There are other dimensions to this too. We quite often look at this from an academic perspective; individual research teams will think of a dataset that has been generated as their own, proprietary interest. As datasets are funded, and research is funded, the expectation, again, should be that the default position is data sharing. As we are developing our ethics applications, for example, again, consent models should be really working in data-reuse considerations right from the outset. The whole system, at the moment, is on the back foot, and we need to get it on the front foot.
Q77 Katherine Fletcher: That is a helpful segue into my second question. I am very struck by a lot of the British public’s concerns about these big businesses coming in and taking their data. It is a well-grounded sense—which I agree with—of, “I’m not having these people making a profit and getting something for nothing.” A way to bridge that is the idea of an altruistic act with something that they can see, as a beneficiary.
I am very struck by the idea of a sovereign health fund. Professor Sheikh, I will come to you first, because you are obviously dealing with this day-to-day. If we could incentivise the British public to give up their data—with some safeguards on some known issues—because it will not only benefit outcomes but help pay for the NHS in the future, with all of the commercial revenues from the IPO, or whatever, is that something that you could work with to achieve your aims?
Professor Sheikh: I am very supportive of that suggestion. If we take a 10 or 15-year time horizon, the majority of the data that we will be talking about are going to be generated by citizens themselves, working through apps and so on. NHS data are going to be a small proportion of the data ecosystem. Industry is fundamental to this. You have heard at length about the five safes. A lot of this can be regulated—what projects, what people, what kind of outputs and what uses. Some way of sharing the benefits when industry is accessing data is only fair and right, and it is something that the British public would get behind.

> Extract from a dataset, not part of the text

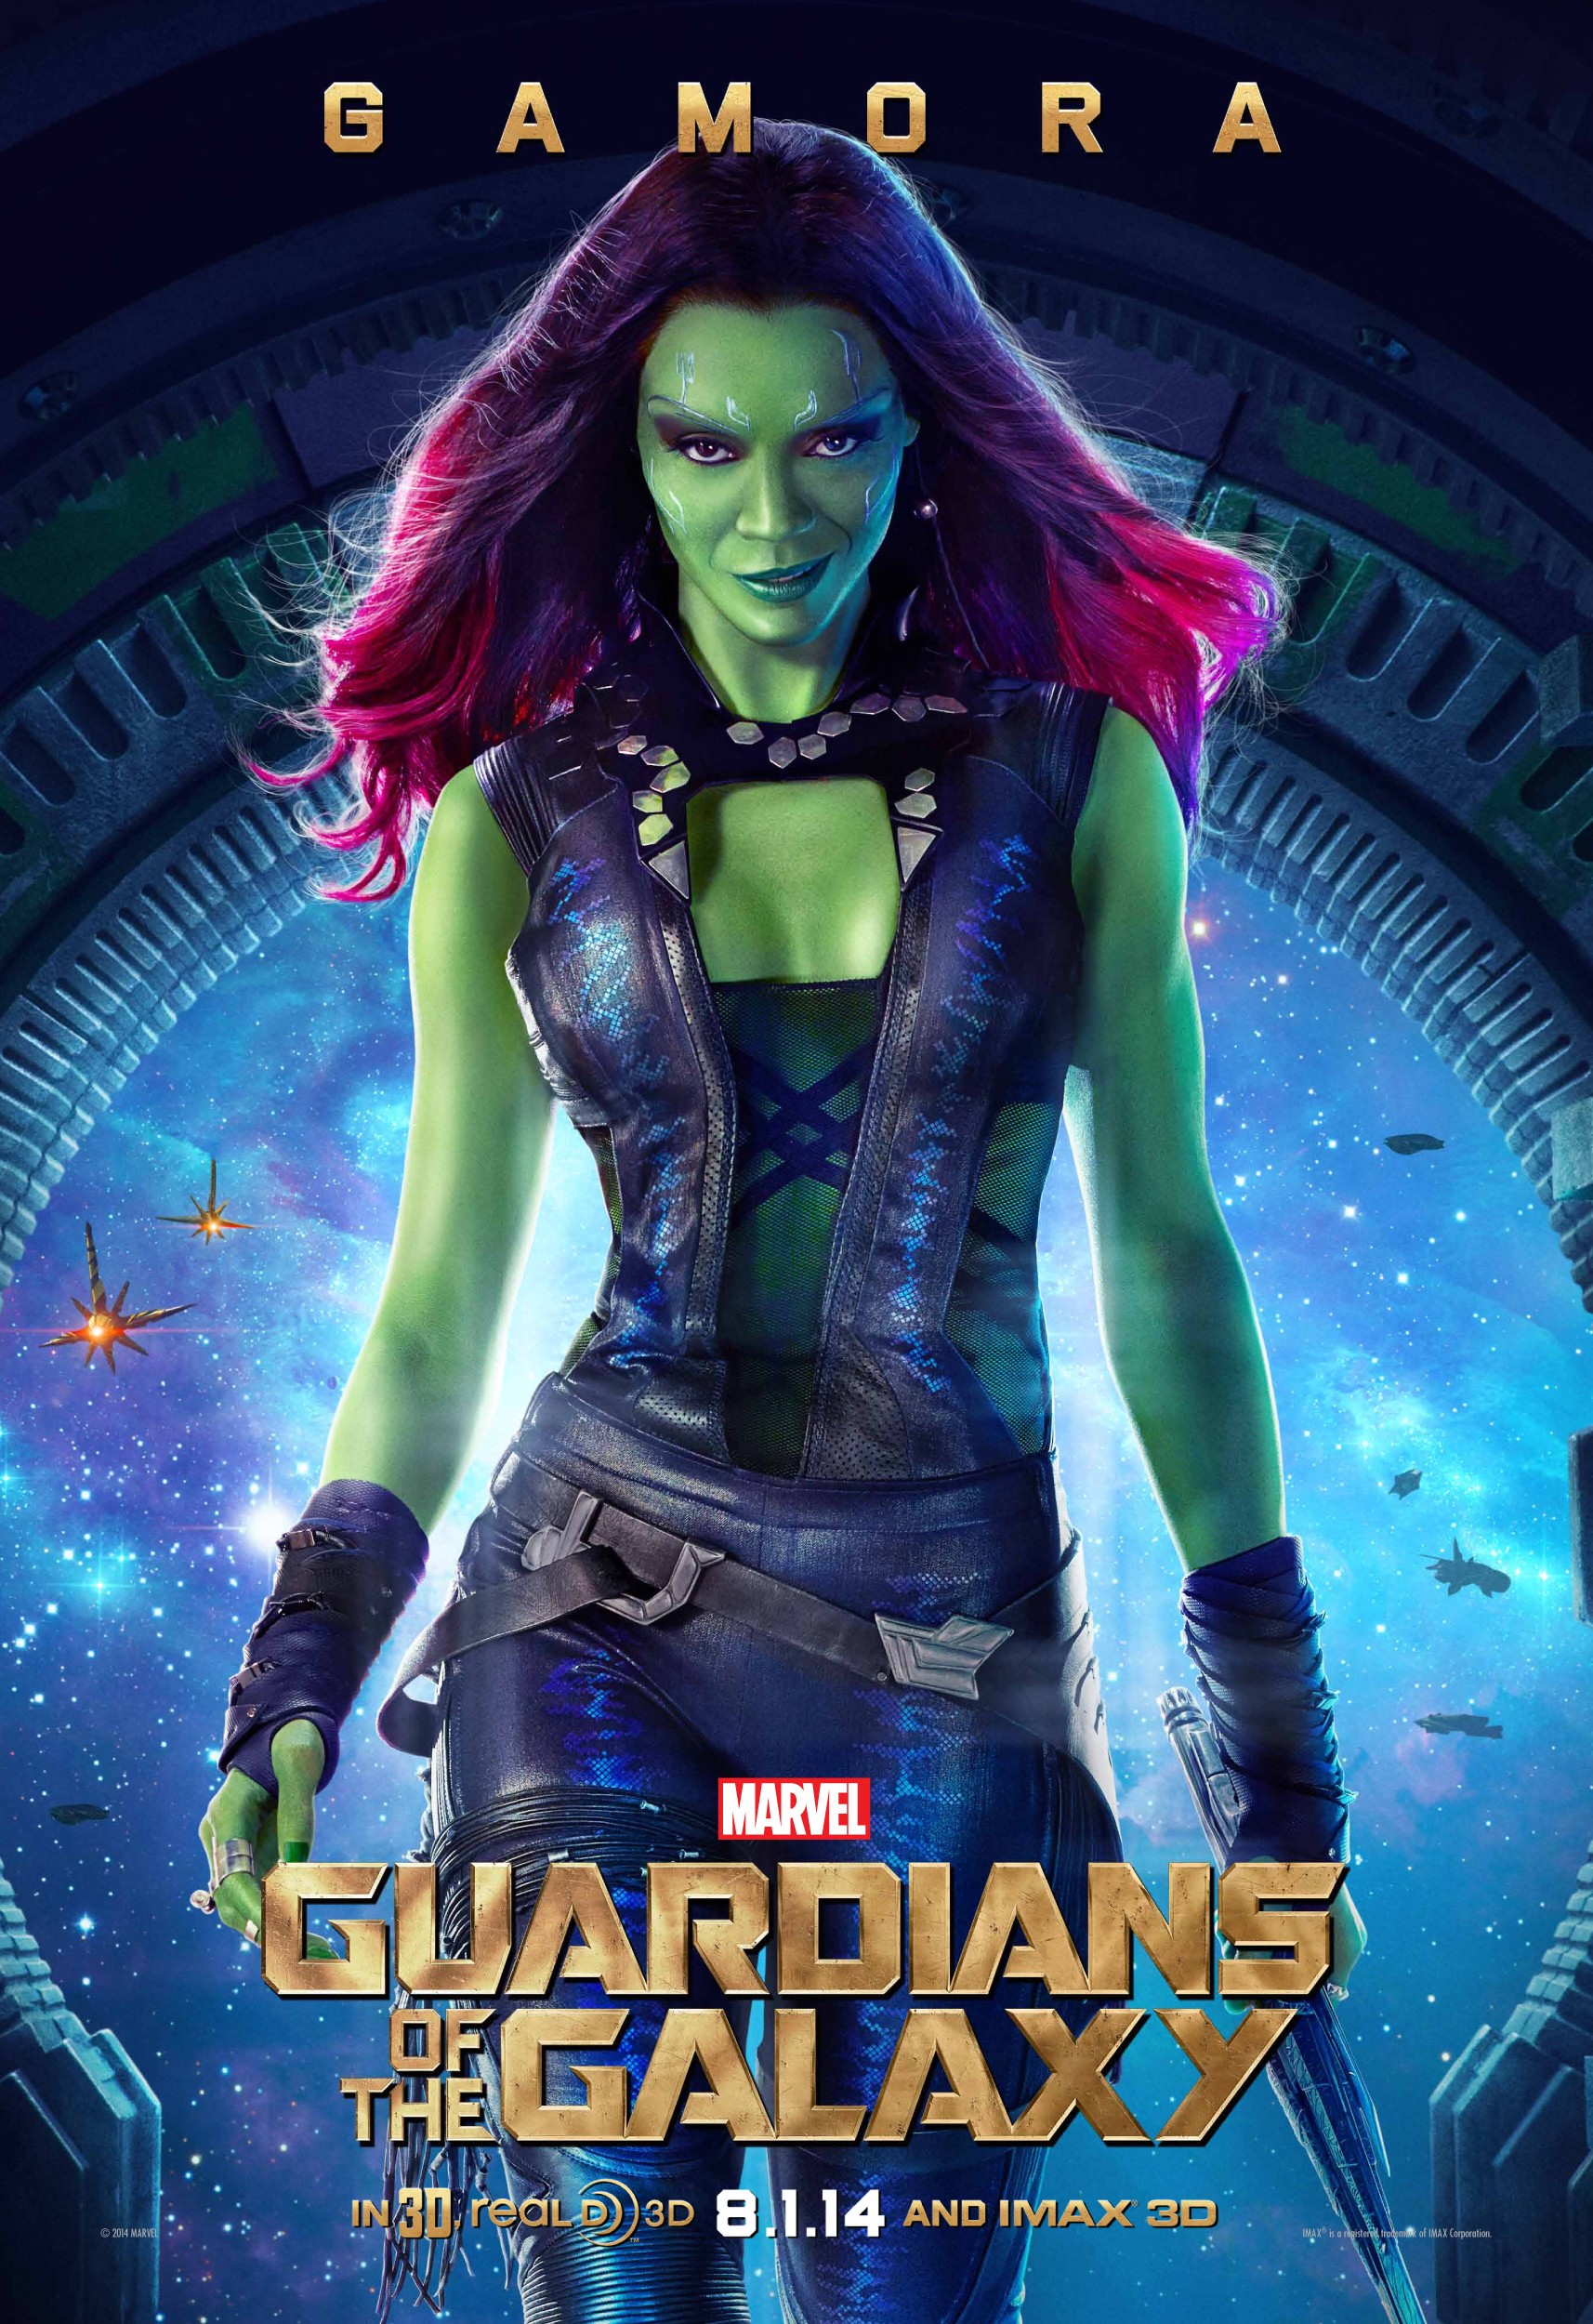 Mega Sized Movie Poster Image for Guardians of the Galaxy (#5 of 23)

Q78 Katherine Fletcher: Thank you very much, Professor Sheikh. If we could find a model where people pay to subscribe to the data to get those revenues to our NHS or health services early, as well as a benefit over 10 to 15 years as ideas turn to proven concepts turn to commercial, would you support that?
Professor Sheikh: Yes.
Katherine Fletcher: Cracking.
Chair: Thank was the most concise answer of the day, but it was very clear. I thank Professor Molloy and Professor Sheikh, and all our witnesses, who have got our inquiry off to a cracking start today. We are grateful. That concludes this meeting of the Science and Technology Committee.